How Barcelona lost its way

Early morning joggers pass graffiti in Plaça del Fossar de les Moreres, Barcelona © Eva Parey/FT
Early morning joggers pass graffiti in Plaça del Fossar de les Moreres, Barcelona © Eva Parey/FT

Pau Guardans’ grandfather gazes down from the wall, his portrait separating the shelves of a wood-panelled library inside Barcelona’s Grand Hotel Central. The luxury establishment was opened in 2005 by Único Hotels, a group founded by Guardans, which added a rooftop infinity pool to a building whose stone entrance still bears the ruts of horse-drawn carts. Francesc Cambó, a Catalan politician and Guardans’ forebear, built it as his home in 1922.

So selling the hotel was a wrench. When Único cut it loose in 2021, it was not only offloading a €93mn asset but severing a family bond. Guardans decided, however, it was time to move on.

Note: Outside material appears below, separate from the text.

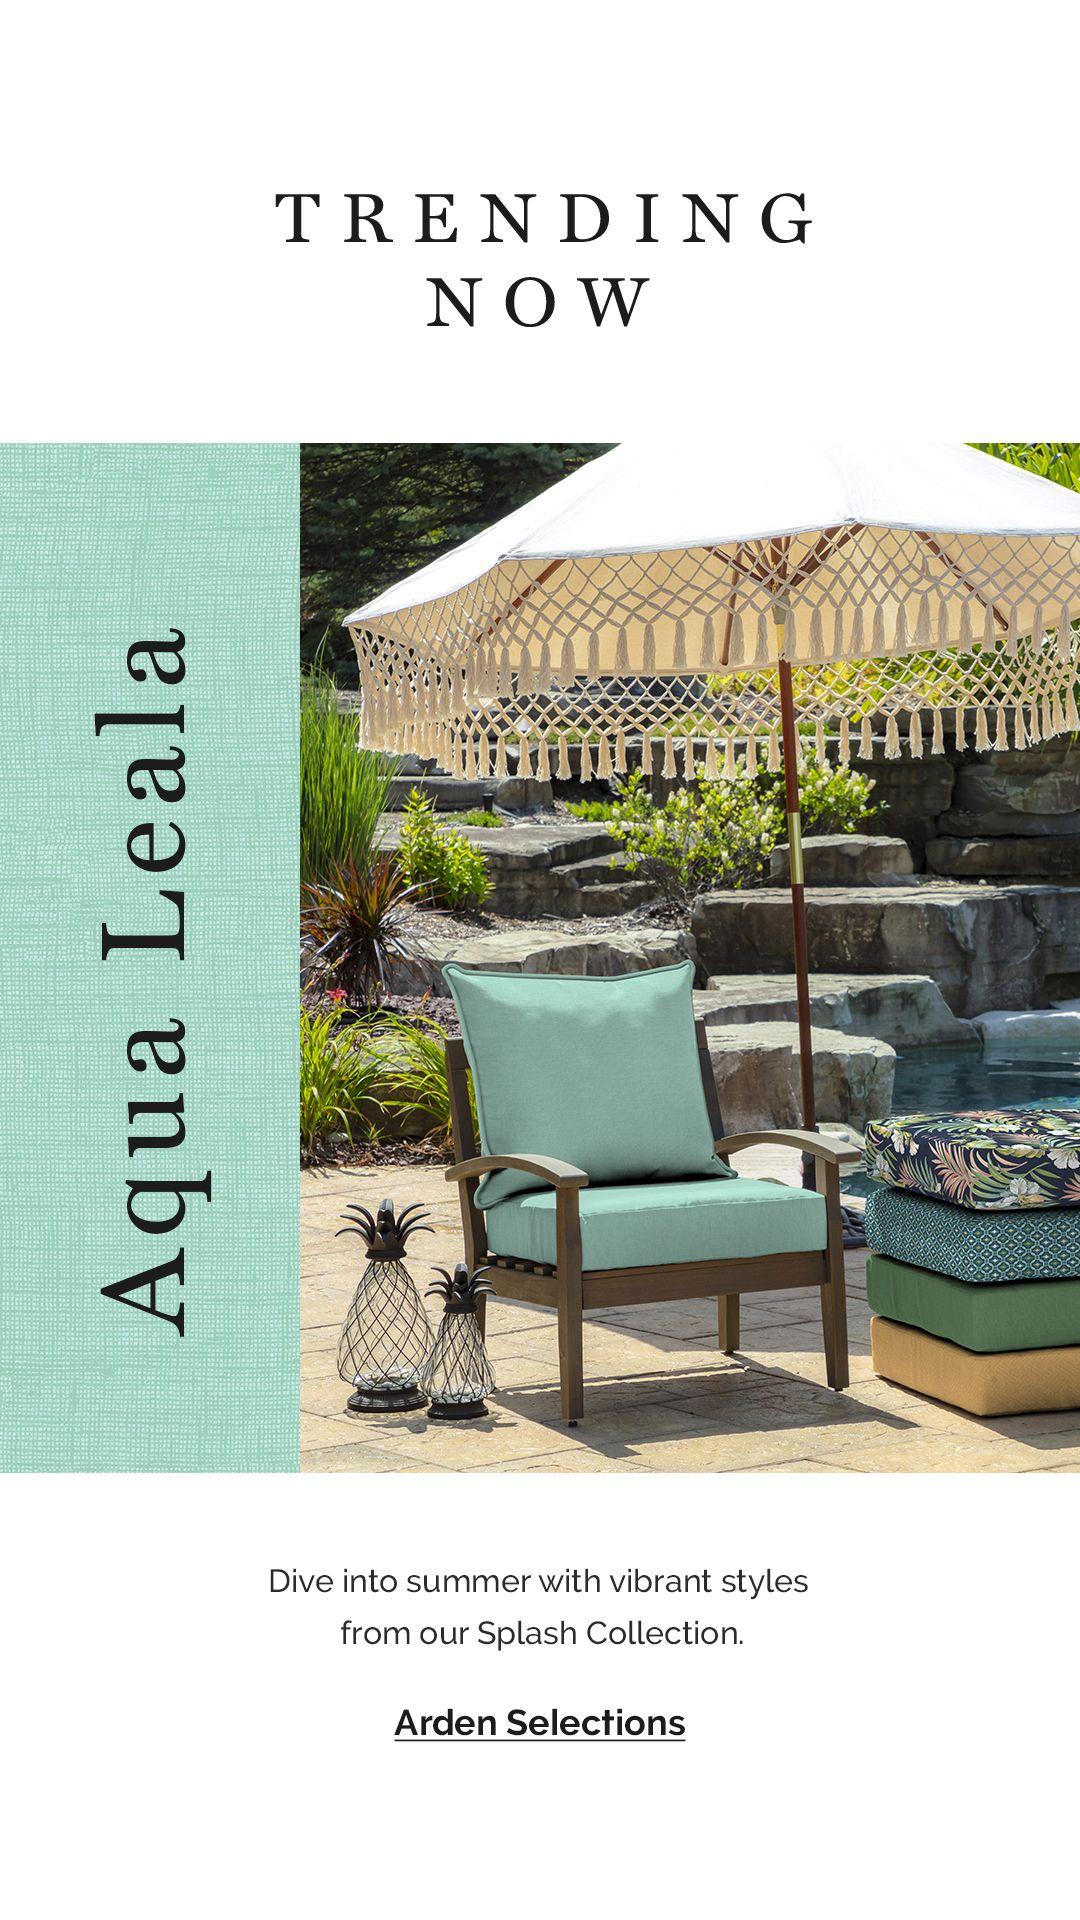 Bold Patio Ideas In 2020 Outdoor Deep Seat Cushions Patio Chair Cushions Backyard Renovations

In Barcelona, one of Europe’s most visited destinations, politics had fostered a deep sense of malaise.

The city’s present mayor, Ada Colau, a leftwing former activist running for re-election this year, had by then been in office for six years. Her vision was of a greener and more inclusive city, which meant reining in the “chaos” of mass tourism and property speculation. But to business people she had cemented a reputation as an enemy of enterprise and growth.

Memories were also fresh of the contested referendum on Catalan independence in 2017 which produced viral images of Spanish riot police beating people trying to vote and the worst constitutional crisis in decades. Two years later came weeks of clashes between protesters and regional police after nine separatist leaders were handed prison sentences, with violence exploding on affluent boulevards such as Via Laietana, home of the Grand Hotel Central.

It was an unpalatable mix for Guardans, whose group sold the hotel to a real estate arm of asset manager Schroders. “Businesses vote by leaving”, he says. “They demonstrate not by standing in the street and shouting. They do it by saying no to the next investment, and to the one after that”.

Corporate departures from Barcelona

Único was not the first example of Catalan capital leaving or the last. Since the referendum, which was ultimately declared illegal by Spain’s top court, more than 8,200 companies have shifted their head offices from Catalonia to other parts of Spain. Half of them set up in Barcelona’s great rival Madrid. In the tumultuous days immediately after the vote those rushing to depart included CaixaBank and Sabadell, two of Spain’s four biggest lenders; Naturgy, one of the country’s three biggest utilities; Cellnex, Europe’s biggest owner of mobile phone towers; and Grupo Planeta, one of Europe’s biggest book publishers.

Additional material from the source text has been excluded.